# Memory
How do we remember the previous conversation and feed that into the model so that they can have the conversational flow. LangChain offers multiple sophisticated options of managing these memories.

In [1]:
import os

from dotenv import load_dotenv, find_dotenv
_ = load_dotenv(find_dotenv()) # read local .env file

import warnings
warnings.filterwarnings('ignore')

In [2]:
# account for deprecation of LLM model
import datetime
# Get the current date
current_date = datetime.datetime.now().date()

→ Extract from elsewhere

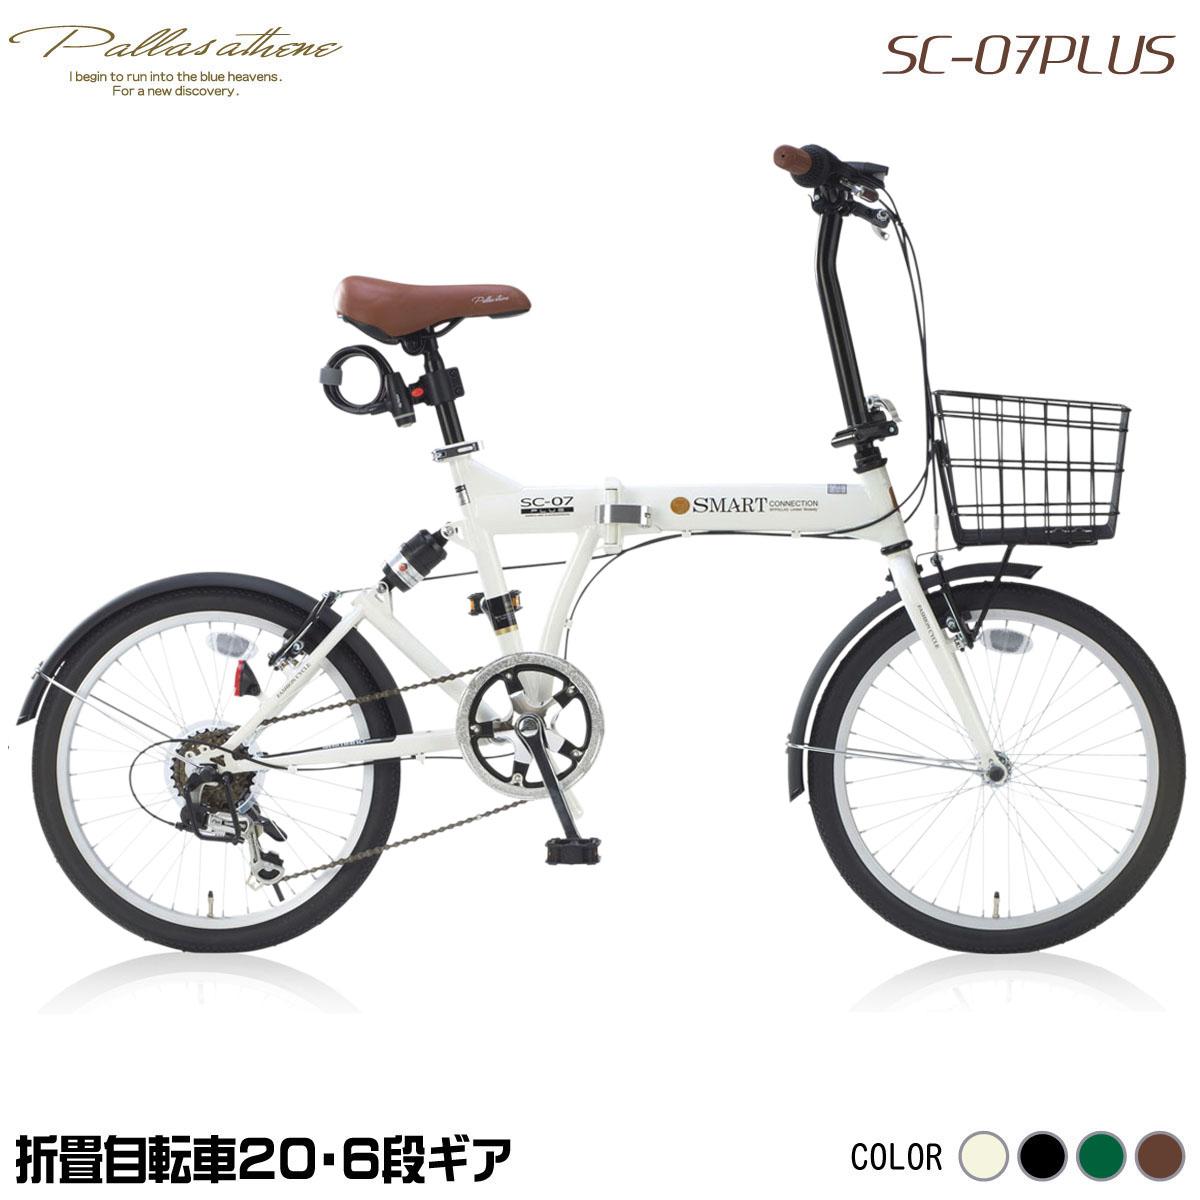 【送料無料】マイパラス SC-07PLUS-IV アイボリー [折りたたみ自転車(20インチ・6段変速)]【同梱配送不可】【代引き不可】【本州以外の配送不可】 学生 通勤 通学 春 入学 アウトドア サイクリング

# Define the date after which the model should be set to "gpt-3.5-turbo"
target_date = datetime.date(2024, 6, 12)

# Set the model variable based on the current date
if current_date > target_date:
    llm_model = "gpt-3.5-turbo"
else:
    llm_model = "gpt-3.5-turbo-0301"

In [3]:
from langchain.chat_models import ChatOpenAI
from langchain.chains import ConversationChain
from langchain.memory import ConversationBufferMemory

In [4]:
llm = ChatOpenAI(temperature=0.0, model=llm_model)
memory = ConversationBufferMemory()
conversation = ConversationChain(llm=llm, memory = memory, verbose=True)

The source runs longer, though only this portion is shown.